The Trickiness of Success

I was just reading an interview of William Gibson done in the 1980s shortly after his immediate success with Neuromancer. And I was thinking of my ex-friend Chris, who packed it in on his writing and gave up to continue his computer science career. And I was thinking of 80s Metal Man, the online pseudonym of an American living in Britain who has written a novel that went nowhere commercially, one of a million amateur productions gathering dust under the limelight.

Is success hard? I think if you’re built for it, success isn’t hard. The question is, are you built for it? Jimi Hendrix became a famous guitarist and rock crooner in the Hippie Era and is a minor star in the history of celebrities because of his temporary success. Yet there are 500 Jimi Hendrixes who don’t have what it takes and who are retiring baby boomers today, eking out the last of their lives with the memory, they think, of something that could have been.

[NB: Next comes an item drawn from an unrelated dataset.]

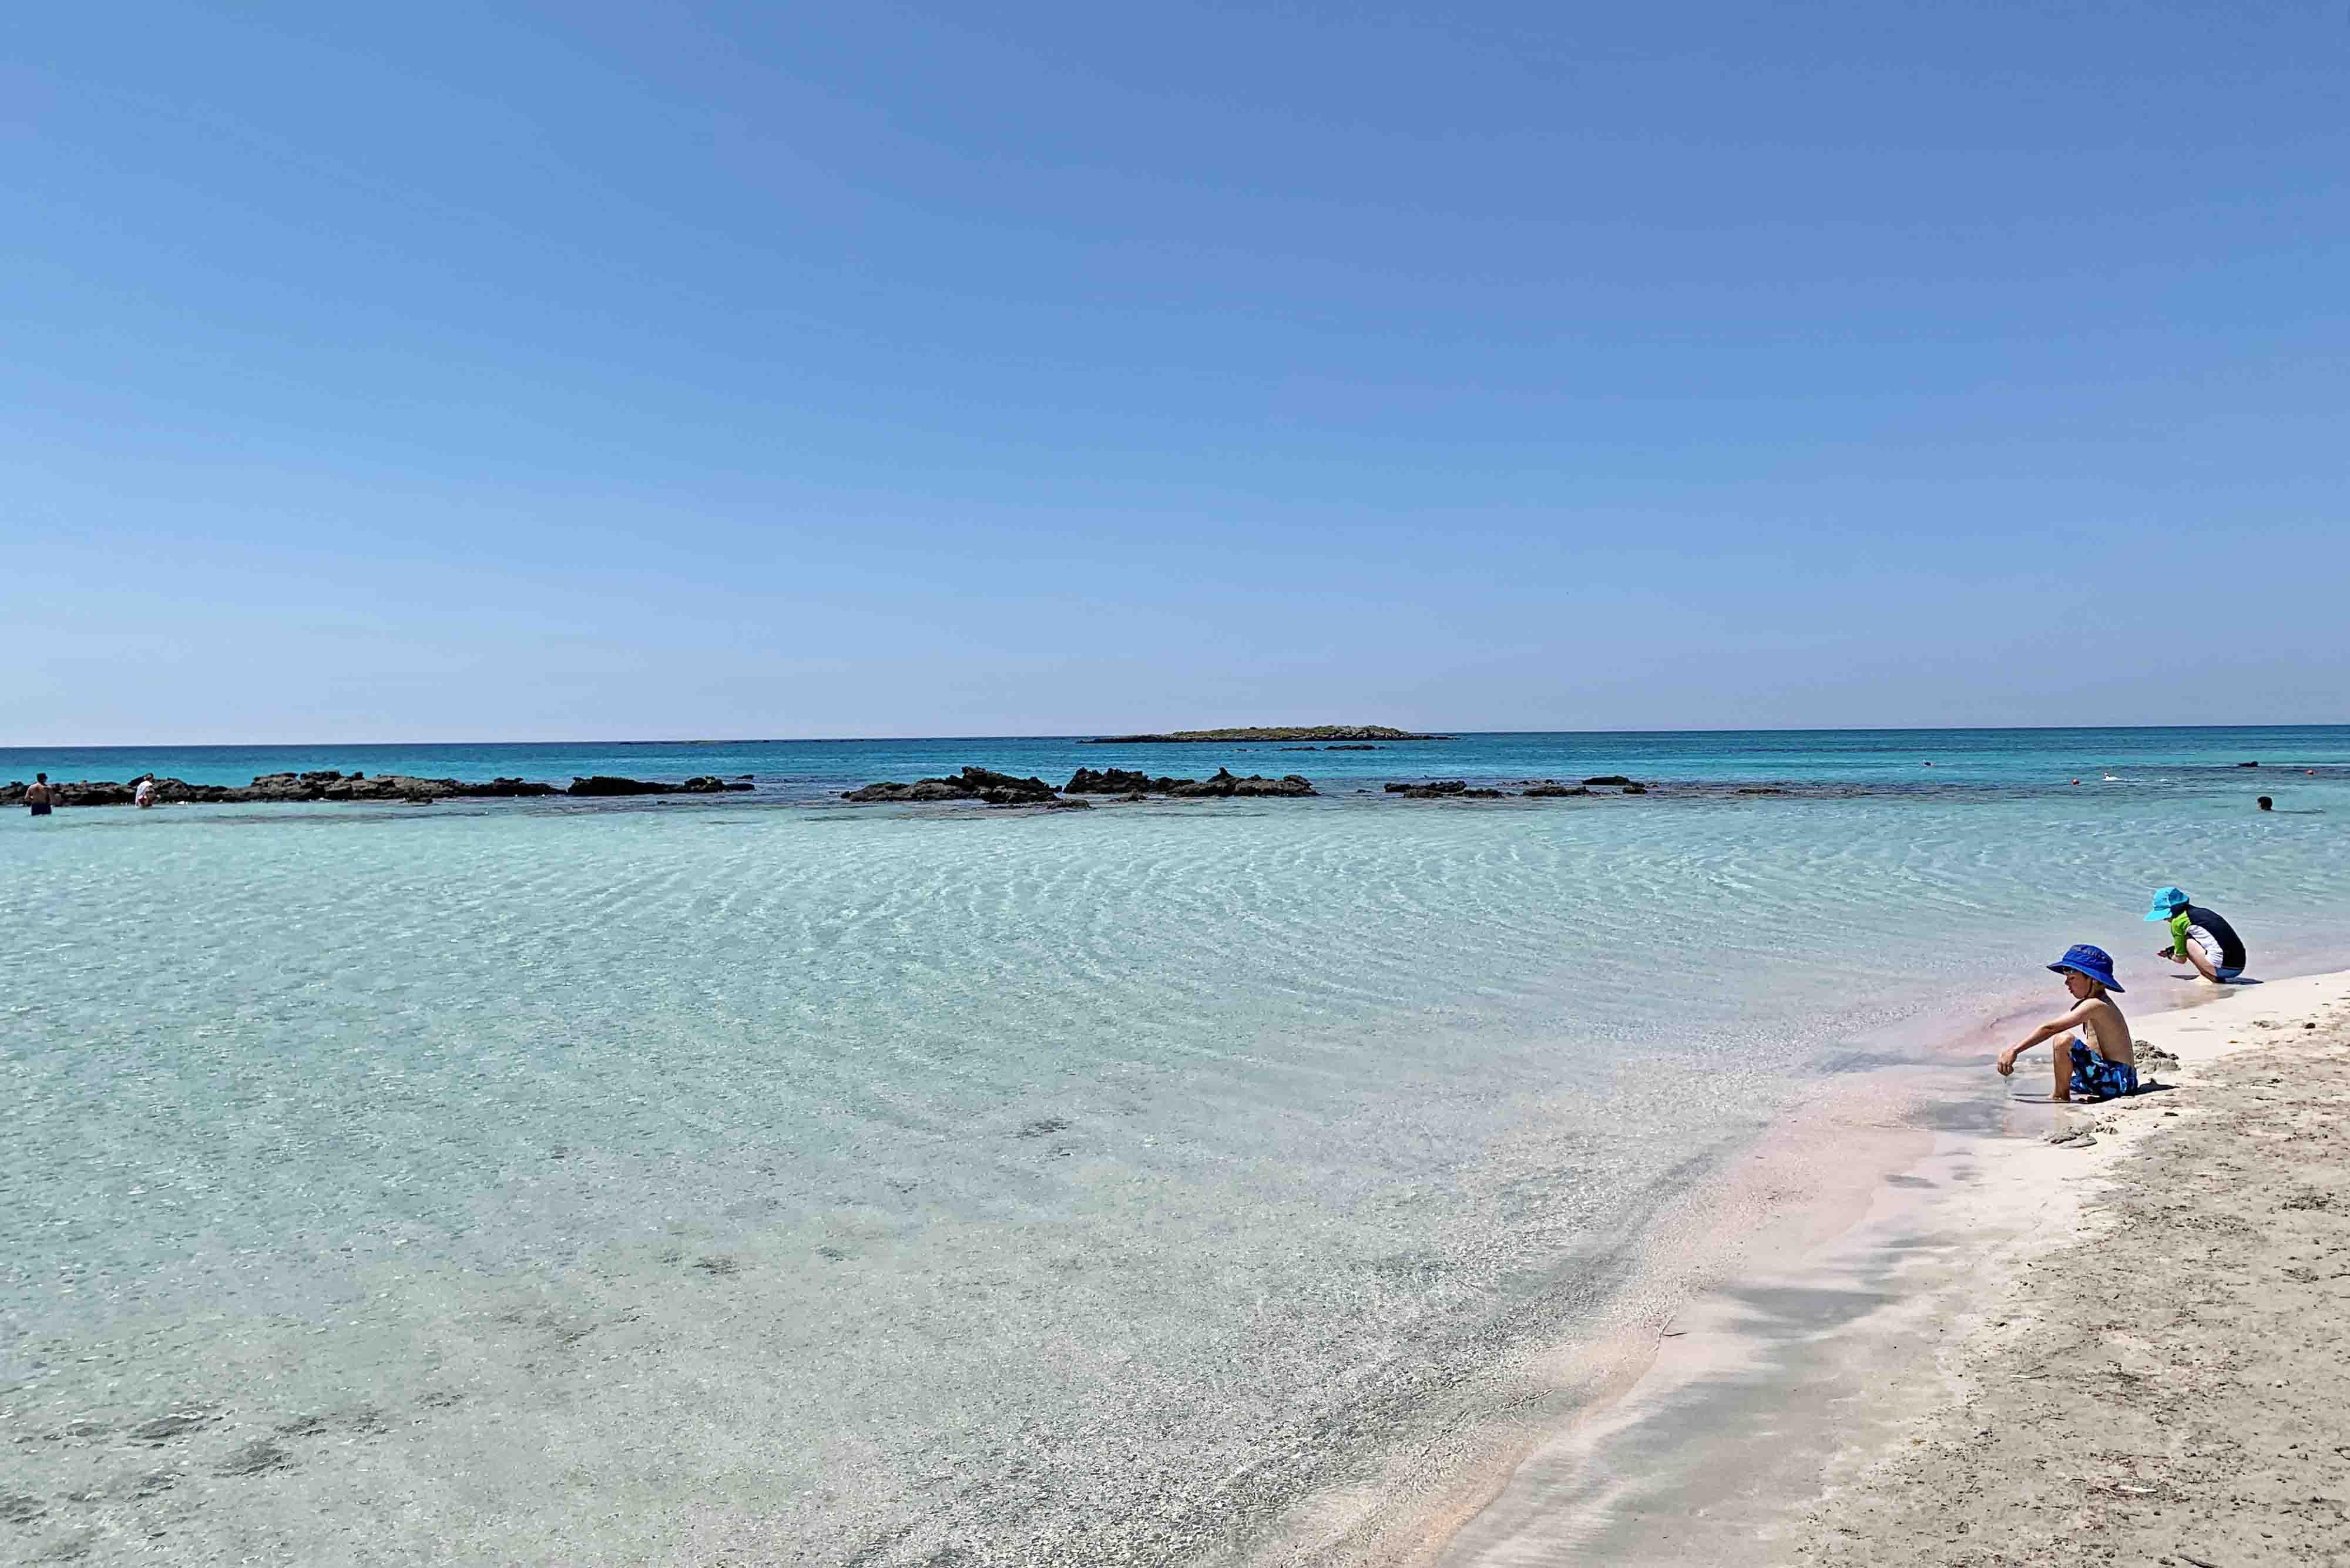 Dicas de Creta - praias - Elafonisi Beach - Chania - Grécia

Former Prime Minister Stephen Harper of Canada was an amateur musician and former President Bill Clinton played the saxophone. Both men made their mark in politics, and have a reasonable place in history, but probably still dream of doing the musical thing for real. They will have never that success. They don’t have what it takes.

My friend Chris was weak. He never had the imagination to sustain a writing career. He “dabbled.” Stephen Harper “dabbled.” It is easier to make contact with something, and then slide away, than it is to lock on and embrace and grow.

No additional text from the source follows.